Admin,2016-05-17 07:08:53

                Sekretaris Daerah (Sekda) Pemerintah Kabupaten Mojokerto, Herry Suwito, mewakili  Bupati Mojokerto, Mustofa Kamal Pasa, menyampaikan amanat tentang transformasi spiritual dan sosial pada acara Peringatan Isra’ Mi’raj 1437 H Tahun 2016, di Pendopo Graha Majatama, Senin 16 Mei 2016 pagi.

            “Pada peringatan Isra’ Mi’raj 1437 H ini, mari kita transformasikan nilai spiritual dan sosial dalam diri kita menuju arah lebih baik.

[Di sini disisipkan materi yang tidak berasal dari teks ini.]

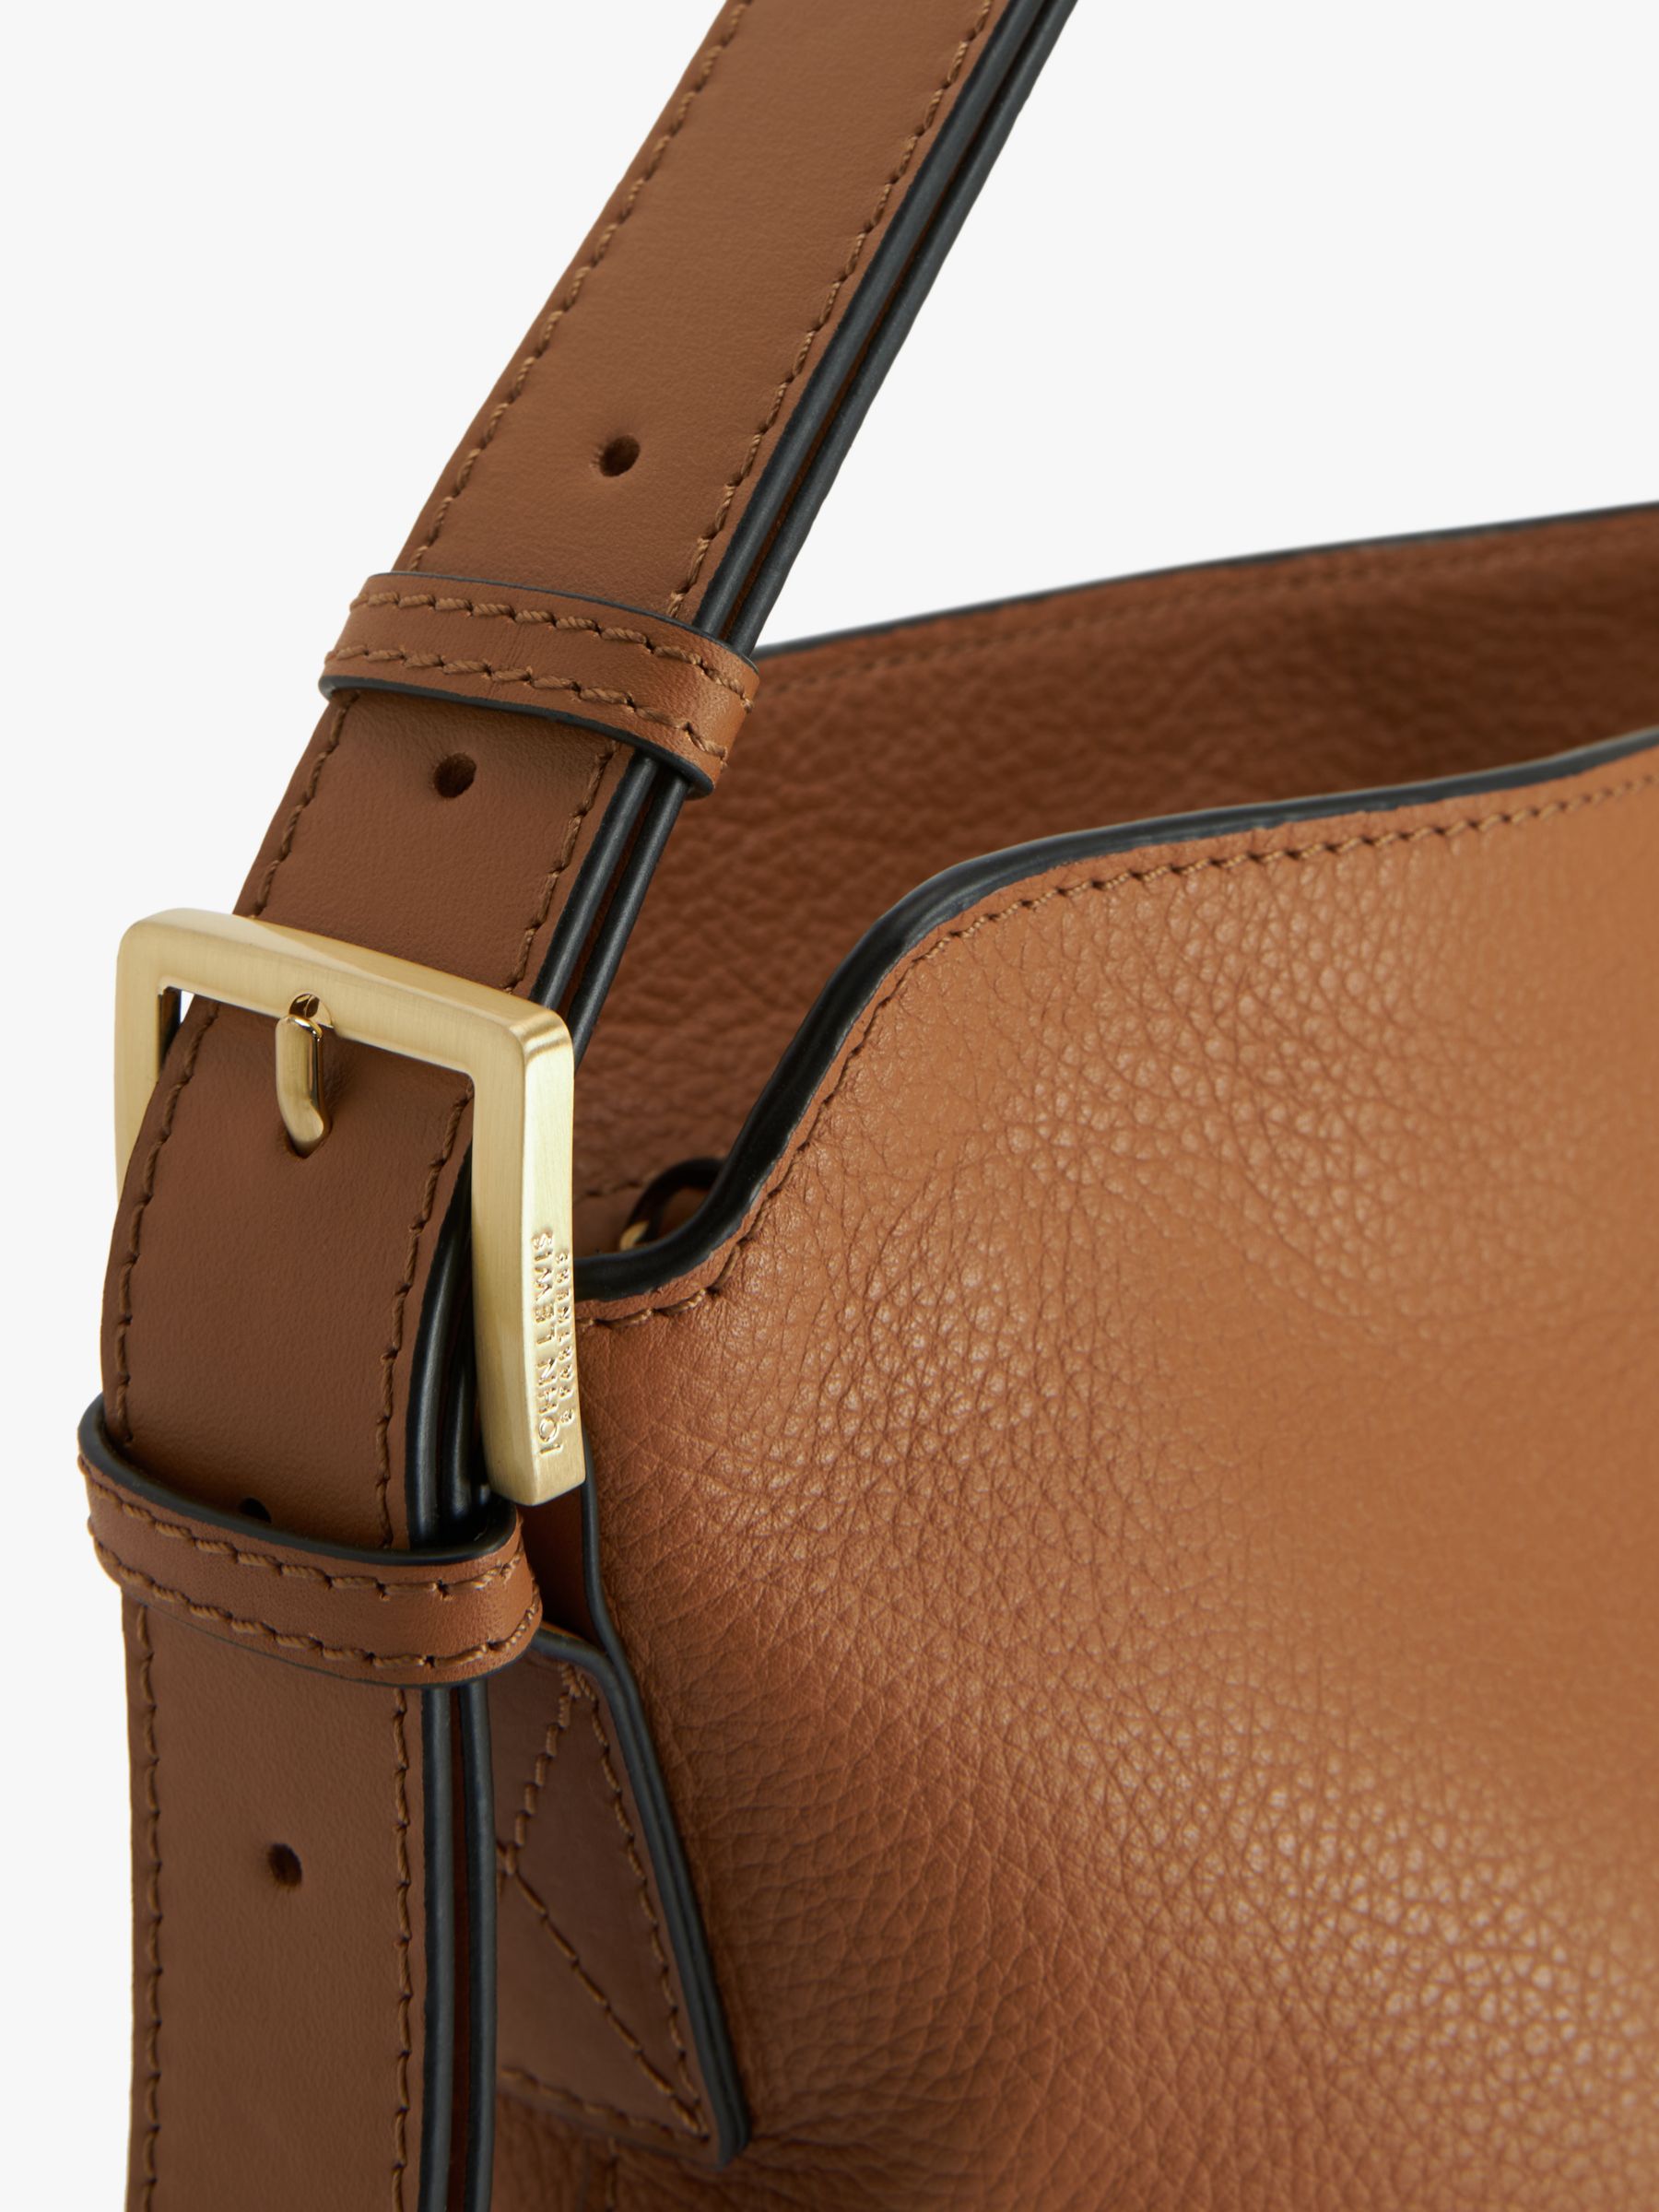 John Lewis Leather Adjustable Shoulder Bag, Tan Leather at John Lewis &  Partners

Spiritual dalam arti meningkatkan iman dan taqwa kepada Allah, sedangkan sosial artinya lebih memperbaiki hubungan dengan sesama yakni dari kesesalan menuju kesholehan,” ucap Herry.

            Herry menambahkan pula pentingannya evaluasi dalam proses pembangunan, demikian juga dengan sikap menghormati hukum, melaksanakan tata kelola pemerintahan yang baik, dan mengedepankan demokrasi yang santun  dan berakhlaq.

            “Kabupaten kita terus berbenah diri, evaluasi sangat diperlukan dalam sebuah proses tata kelola pemerintahan yang sehat. Dengan menghormati hukum dan menjunjung demokrasi yang santun, insyallah sari kebaikan dari peristiwa agung perjalanan Isra’ Mi’raj turut menaungi pemerintahan kita,” harapnya.

            Asisten Pemerintahan dan Kesra, Akhmad Jazuli, juga menerangkan bahwa kegiatan ini dilakukan untuk menunjukkan kecintaan umat Islam terhadap Rasulullah Muhammad SAW. Peristiwa Isra Miraj merupakan perjalanan Rasulullah untuk menerima perintah shalat 5 waktu. Dengan melaksanakan sholat secara baik dan benar akan mencegah serta menghindarkan umat islam dari perbuatan keji dan mungkar, seperti yang sudah diamanahkan dalam Al-Quran.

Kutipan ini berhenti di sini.